Tag Archives: Massachusetts Instittute of Technology

Body-on-a-chip (10 organs)

Also known as human-on-a-chip, the 10-organ body-on-a-chip was being discussed at the 9th World Congress on Alternatives to Animal Testing in the Life Sciences in 2014 in Prague, Czech Republic (see this July 1, 2015 posting for more). At the time, scientists were predicting success at achieving their goal of 10 organs on-a-chip in 2017 (the best at the time was four organs). Only a few months past that deadline, scientists from the Massachusetts Institute of Technology (MIT) seem to have announced a ’10 organ chip’ in a March 14, 2018 news item on ScienceDaily,

MIT engineers have developed new technology that could be used to evaluate new drugs and detect possible side effects before the drugs are tested in humans. Using a microfluidic platform that connects engineered tissues from up to 10 organs, the researchers can accurately replicate human organ interactions for weeks at a time, allowing them to measure the effects of drugs on different parts of the body.

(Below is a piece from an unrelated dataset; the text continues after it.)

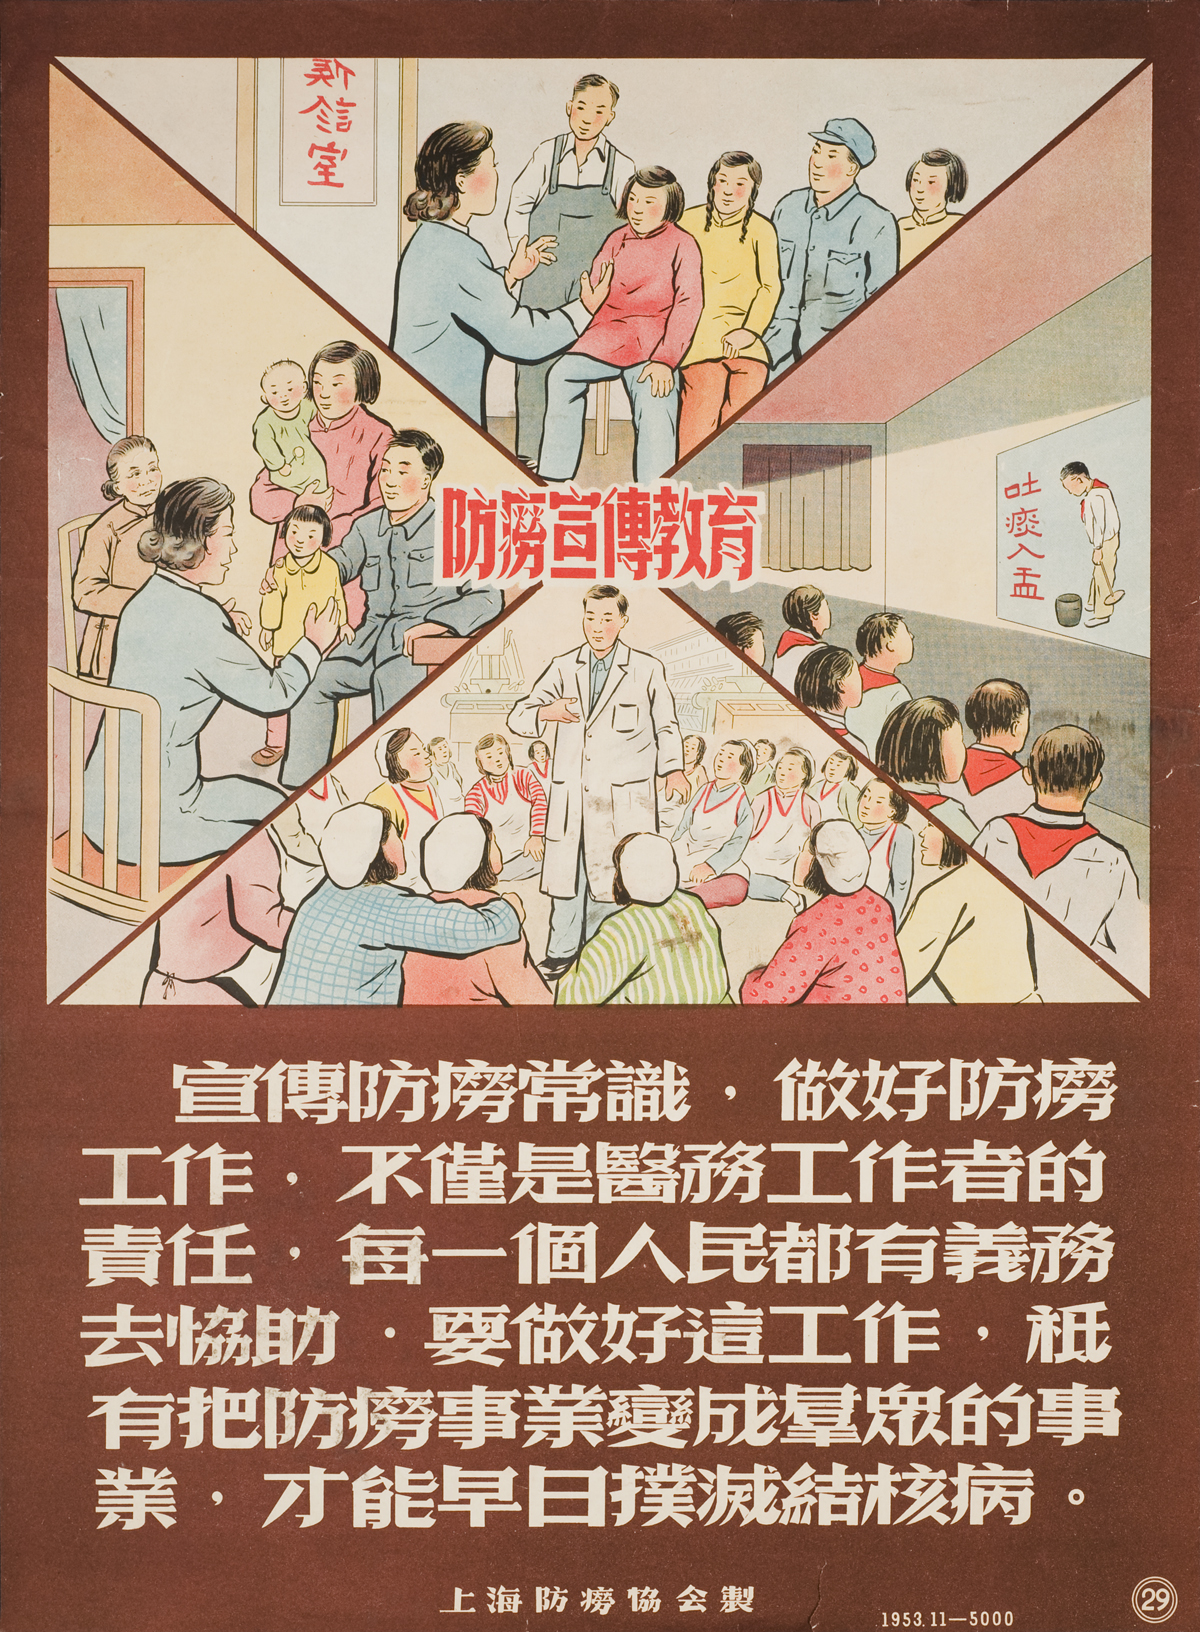 Chinese shanghai 2012 2 - 1 part 3

Such a system could reveal, for example, whether a drug that is intended to treat one organ will have adverse effects on another.

A March 14, 2018 MIT news release (also on EurekAlert), which originated the news item, expands on the theme,

“Some of these effects are really hard to predict from animal models because the situations that lead to them are idiosyncratic,” says Linda Griffith, the School of Engineering Professor of Teaching Innovation, a professor of biological engineering and mechanical engineering, and one of the senior authors of the study. “With our chip, you can distribute a drug and then look for the effects on other tissues, and measure the exposure and how it is metabolized.”

These chips could also be used to evaluate antibody drugs and other immunotherapies, which are difficult to test thoroughly in animals because they are designed to interact with the human immune system.

David Trumper, an MIT professor of mechanical engineering, and Murat Cirit, a research scientist in the Department of Biological Engineering, are also senior authors of the paper, which appears in the journal Scientific Reports. The paper’s lead authors are former MIT postdocs Collin Edington and Wen Li Kelly Chen.

Modeling organs

When developing a new drug, researchers identify drug targets based on what they know about the biology of the disease, and then create compounds that affect those targets. Preclinical testing in animals can offer information about a drug’s safety and effectiveness before human testing begins, but those tests may not reveal potential side effects, Griffith says. Furthermore, drugs that work in animals often fail in human trials.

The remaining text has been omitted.